Chapter 15: Be My Wife
Sarah awoke, and immediately wished she hadn't. Every bone and muscle ached, and her head thundered in agony. She couldn't seem to peel back her eyelids, and when she tried to swallow, the fire in her throat forced a whimper. Worse, the sound caused the person lying next to her to tighten an arm possessively around her waist, further jostling her aching bones. Her memory of the failing battle flooded back to her and she twisted away from the constricting arm in panic, landing in a painful crouch against the far wall. She glared at the man she had dragged upright in her effort to escape. He looked like Jareth, but she couldn't be certain, and the memory of Drake's threats made her pulse pound with fear. She licked her parched lips, eyes flickering to the only exit, on the far side of the bed. Her gaze locked back onto the bed's inhabitant as he shifted, and she reached blindly to the table beside her for something that could serve as a weapon.
"Sarah..." His voice held a warning as he started to move towards her.

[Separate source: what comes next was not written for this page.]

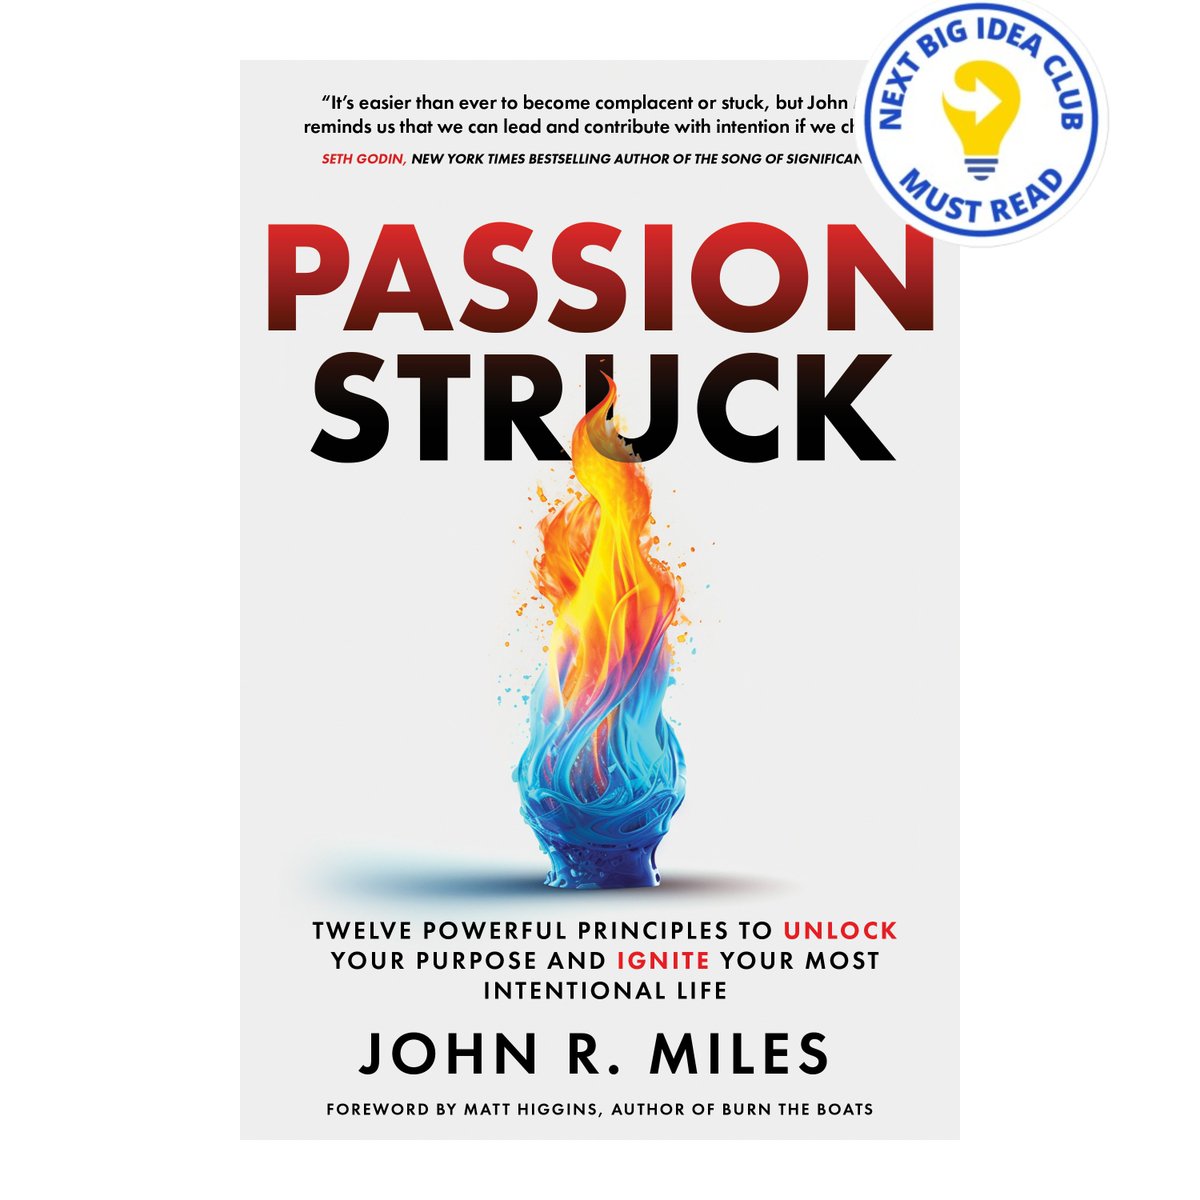 I highly recommend this new book - #PassionStruck - from my friend @John_RMiles, filled with great advice for us all! amzn.to/3HZweHi

"Stay away from me. Don't touch me," she croaked, brandishing what might generously be called a mirror, but which was at least metal and heavy. The man glowered at her, his expression a mixture of anger and disbelief. When she didn't back down, he threw up his hands and stormed from the room. And that was when it dawned on Sarah that the man could only have been Jareth, since Drake would not have been deterred by a makeshift mirror. Too exhausted and confused to contemplate chasing after him, Sarah sank to the floor, cradling her aching head in her arms.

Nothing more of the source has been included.